Each step is its own function in the implementation PR so the dry-run banner stays one source of truth.

  1. auth check — load credentials, ping GET /api/v1/me, abort on 401.
  2. app lookup — resolve --app-id (see above). If still missing, prompt to register a new app via POST /api/v1/apps.
  3. build — run bun run build in cwd (for project template). For plugin template, abort with a clear error: plugins ship to npm, not Vercel.
  4. upload — push the built artifact to the app's linked GitHub repo (apps.github_repo column). The Vercel project is wired to that repo, so push-to-deploy is the contract. If github_repo is null, call the existing app-builder route that provisions it.
  5. register app deployPOST /api/v1/apps/[id]/deploy (route exists; see cloud/apps/api/v1/apps/[id]/deploy/route.ts if present, otherwise this is a follow-up endpoint). This sets app_deployment_status to building.
  6. attach domain (only when --domain set) — POST /api/v1/apps/[id]/domains with { domain }. Server returns the verification TXT record + DNS instructions. CLI prints them and waits.
  7. poll statusGET /api/v1/apps/[id]/deploy/status every 5s with exponential backoff up to 10min. Terminal states: deployed, failed. On deployed print the final URL: https://<subdomain>.apps.elizacloud.ai plus the custom domain if attached + verified.
  8. print URL — final line, machine-readable: URL: https://....
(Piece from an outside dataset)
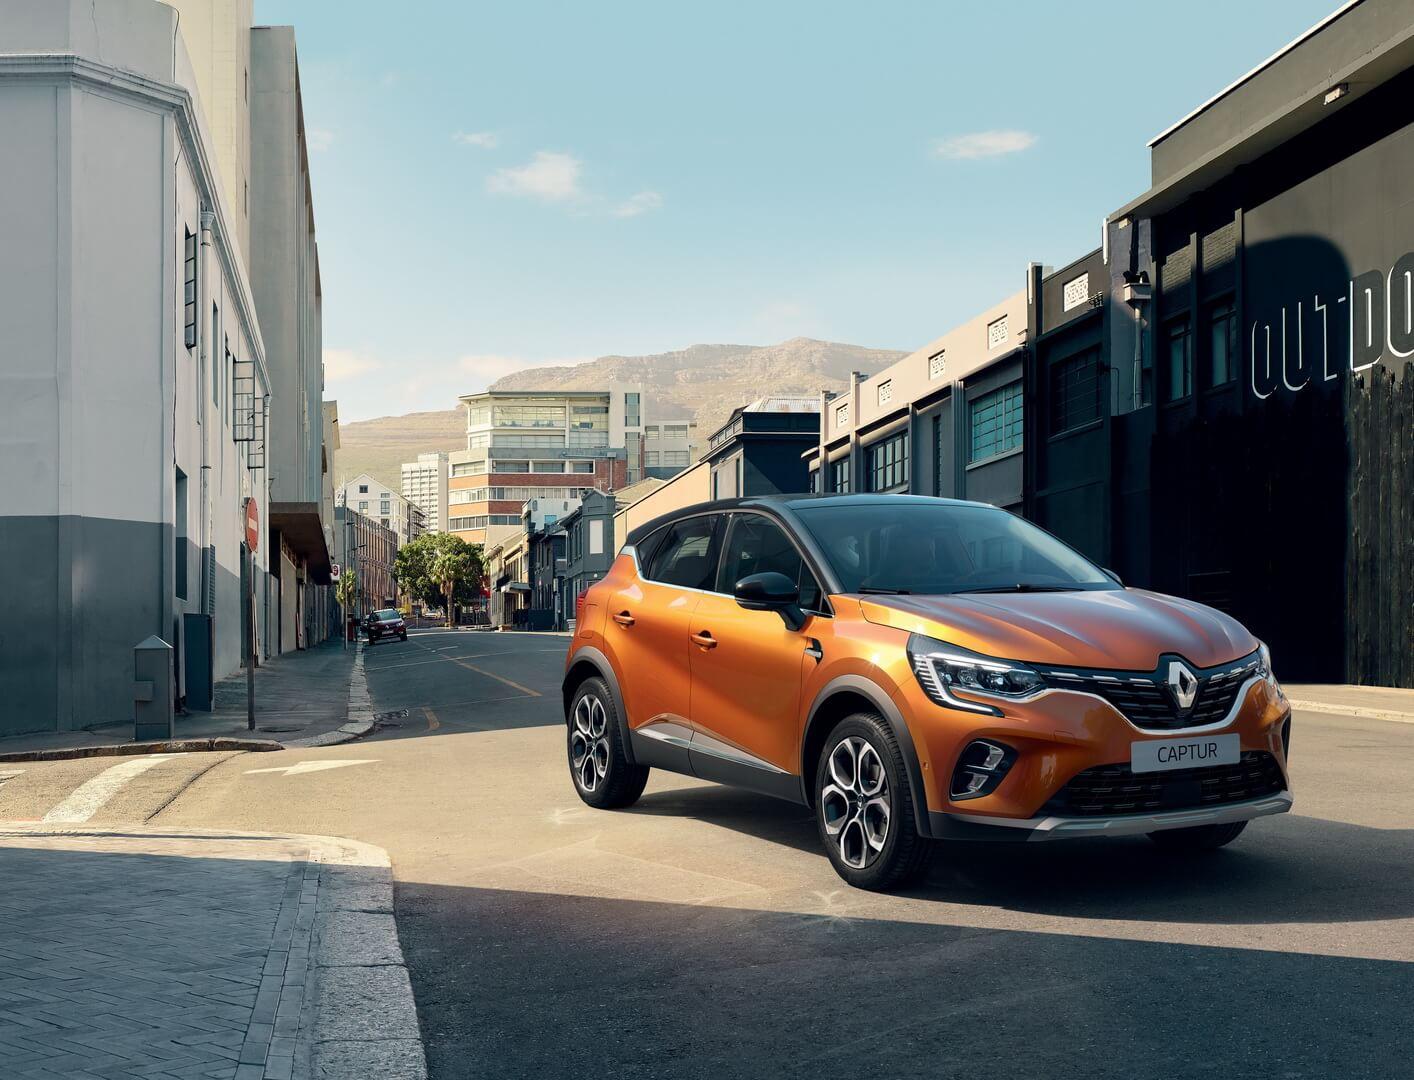 Плагин-гибридная версия Renault Captur будет доступна в 2020 году
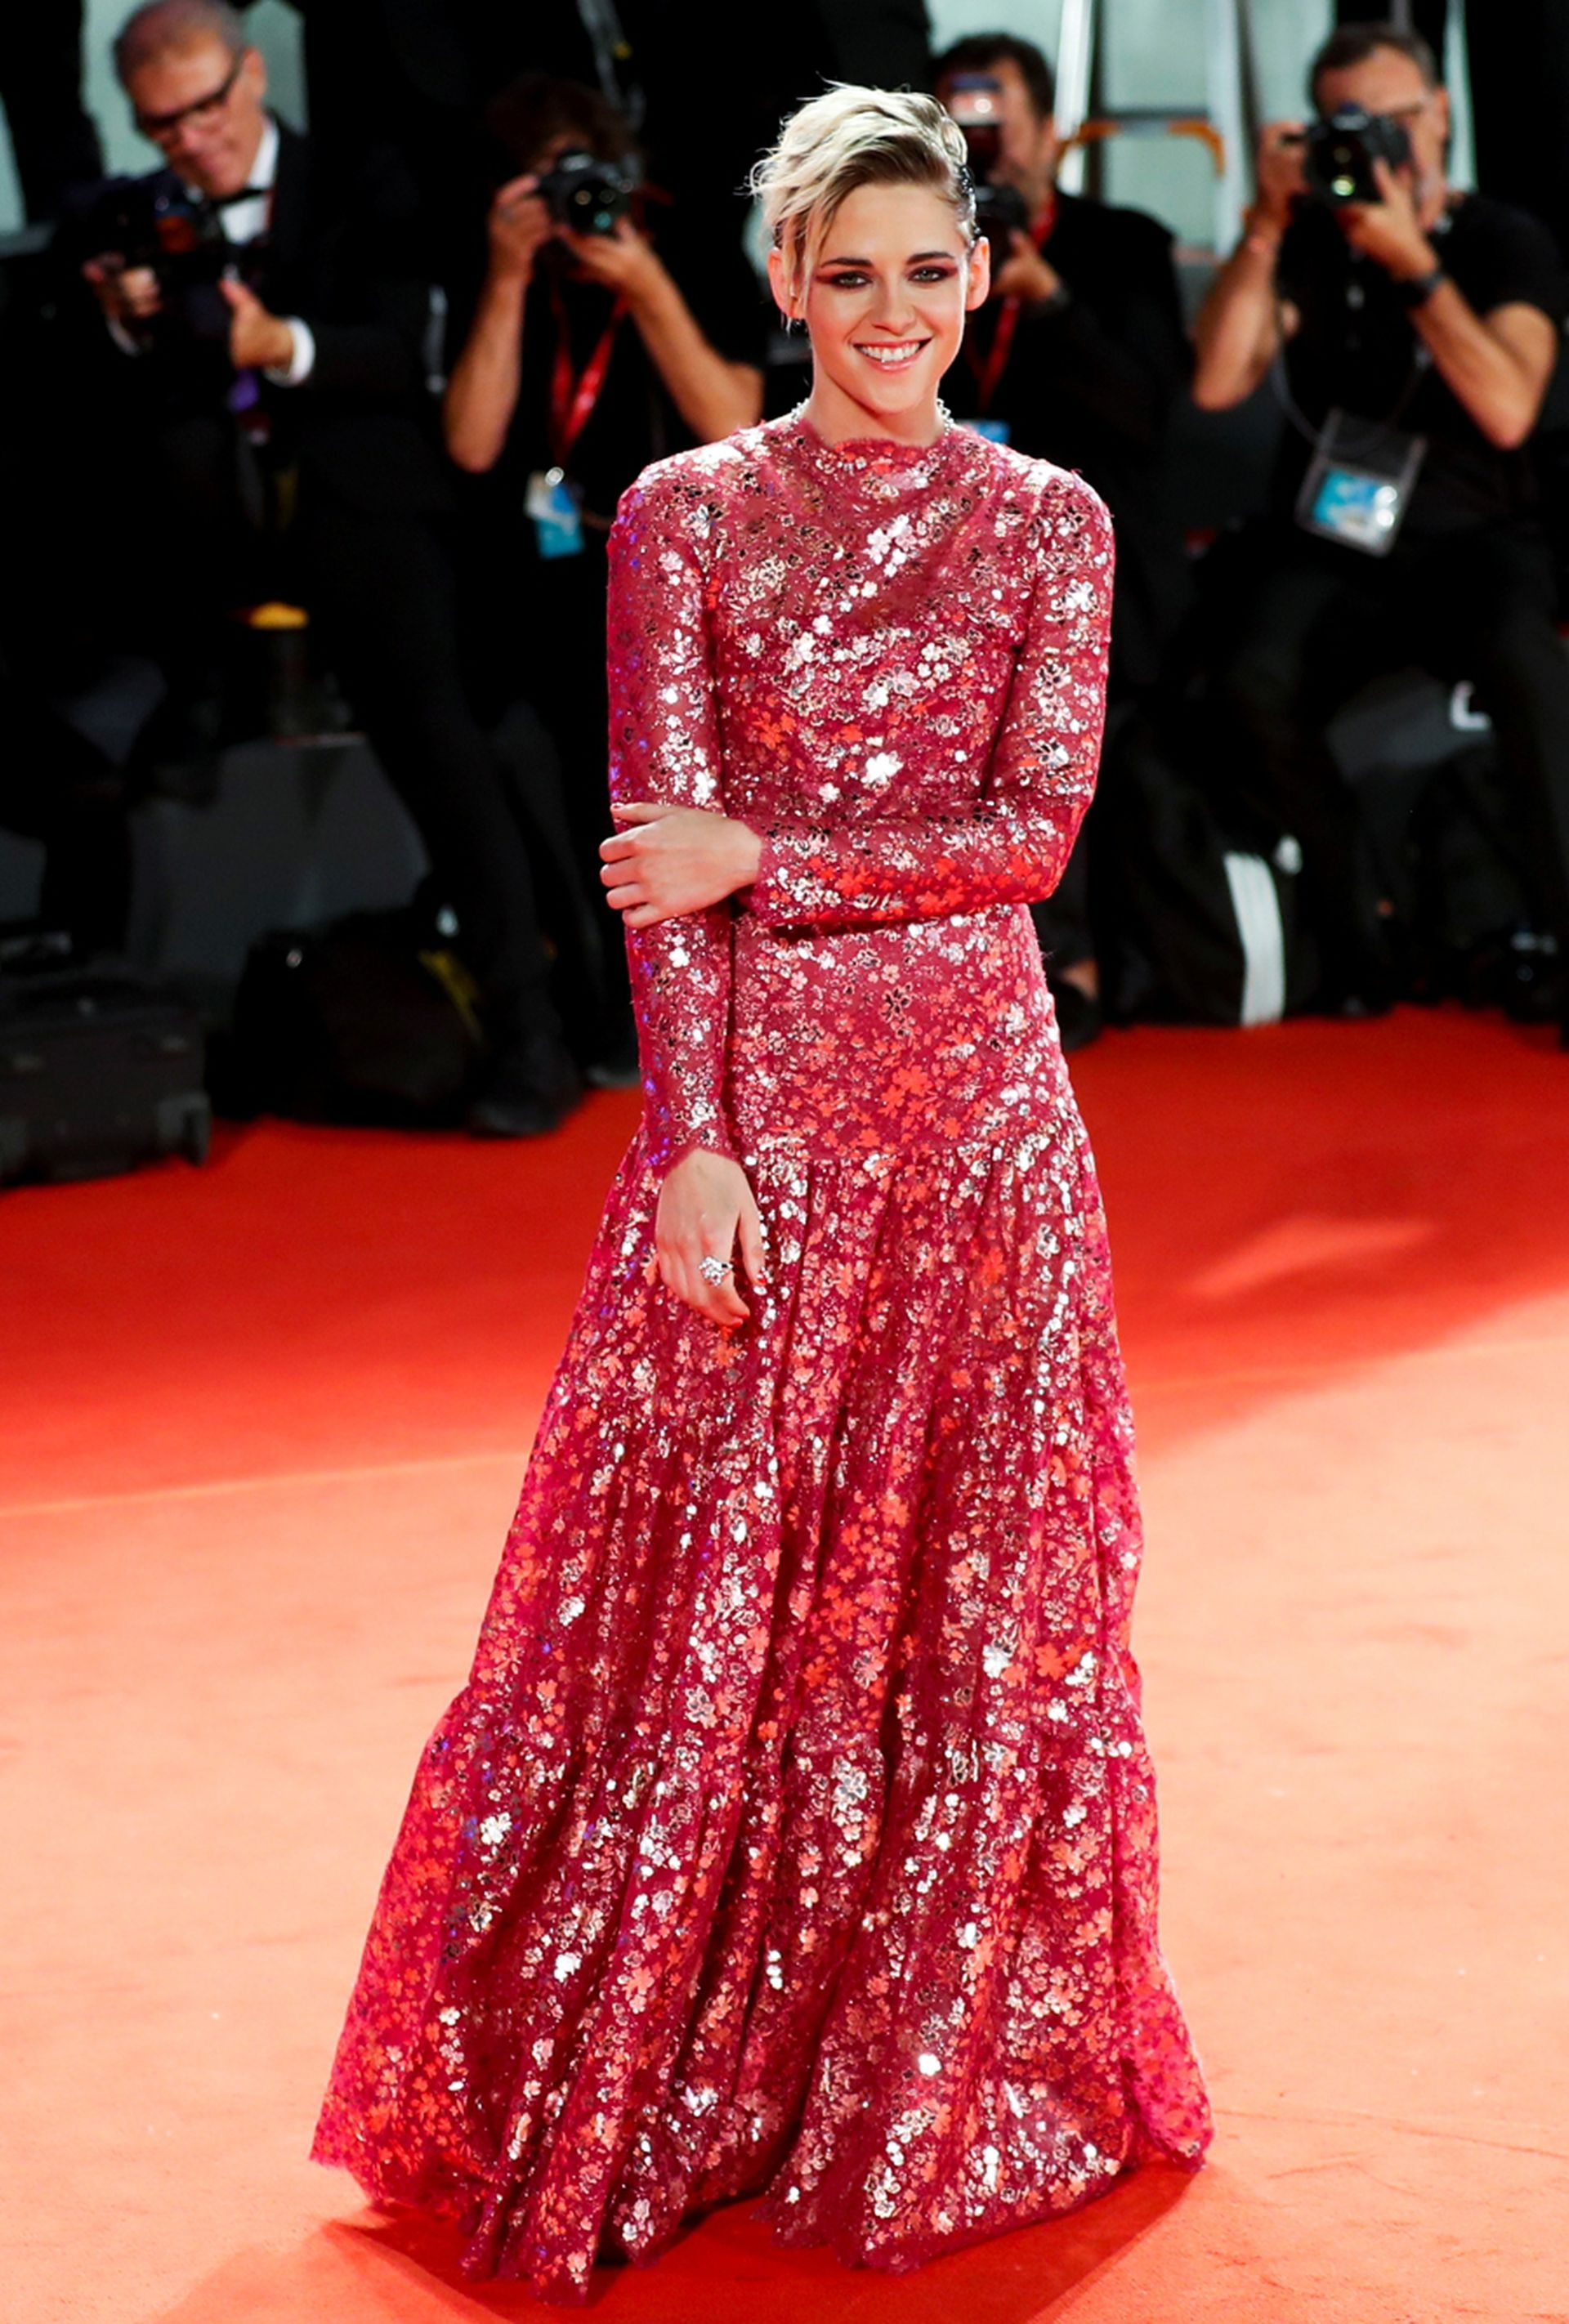 Kristen Stewart, una de las embajadoras de la casa Chanel, lució un vestido de mangas largas, cuello alto y falda ancha en tono rosa para la premier de Seberg, dirigida por Benedict Andrews

Vercel as the implementation target

The CLI never talks to Vercel directly. It hits Eliza Cloud, which owns VERCEL_TOKEN and VERCEL_TEAM_ID (see cloud/packages/lib/services/vercel-deployments.ts). One Vercel project per app, subdomain on apps.elizacloud.ai, custom-domain attachment routed through Cloudflare. Keeping the CLI thin means no token leakage and no parallel auth surface.

Dry-run semantics

--dry-run prints the eight steps above with the resolved inputs (app-id, domain, cwd) substituted in. No network, no fs writes, no shelling out. Exit code 0. Same output shape every time so it can be snapshot-tested.

Error modes the implementation must handle

  • No template.json in cwd — abort with not an elizaOS project (same wording as upgrade).
  • plugin template — refuse: "plugins deploy to npm, not Eliza Cloud. Run bun publish."
  • Auth missing — prompt; on cancel, exit 1 with a hint.
  • App not found — list owned apps and prompt to pick.
  • Domain already attached to another app — server returns 409; CLI prints the conflicting app and exits.
  • Build failure — surface the underlying bun run build exit code.
  • Deploy timeout (>10min) — exit 2 with the dashboard URL so the user can watch it finish.
  • failed terminal state — fetch GET /api/v1/apps/[id]/deploy/logs and tail the last 50 lines before exiting.

Deferred to follow-up PR

  • Steps 1, 3, 4, 5, 6, 7 — all the real network/fs work.
  • Credentials file shape + first-run prompt.
  • The deploy / deploy/status / deploy/logs endpoints if they don't exist yet.
  • Snapshot tests for the dry-run output.
  • --watch mode that re-deploys on file change.
  • Multi-environment (--env preview|production) support.

Open questions

  • Does POST /api/v1/apps/[id]/deploy exist today, or does the keel implicitly spec it? Recon turned up domain routes and the vercel-deployments service but no deploy-trigger route under apps/[id]/. Confirm before the implementation PR.
  • For projects with no github_repo, do we (a) create one on first deploy, or (b) require the user to run a separate elizaos link command first? (a) is more friendly, (b) is more predictable.
  • Should --domain accept a comma-separated list? apps.app_domains is 1:N — the schema supports it, but the UX gets noisy fast.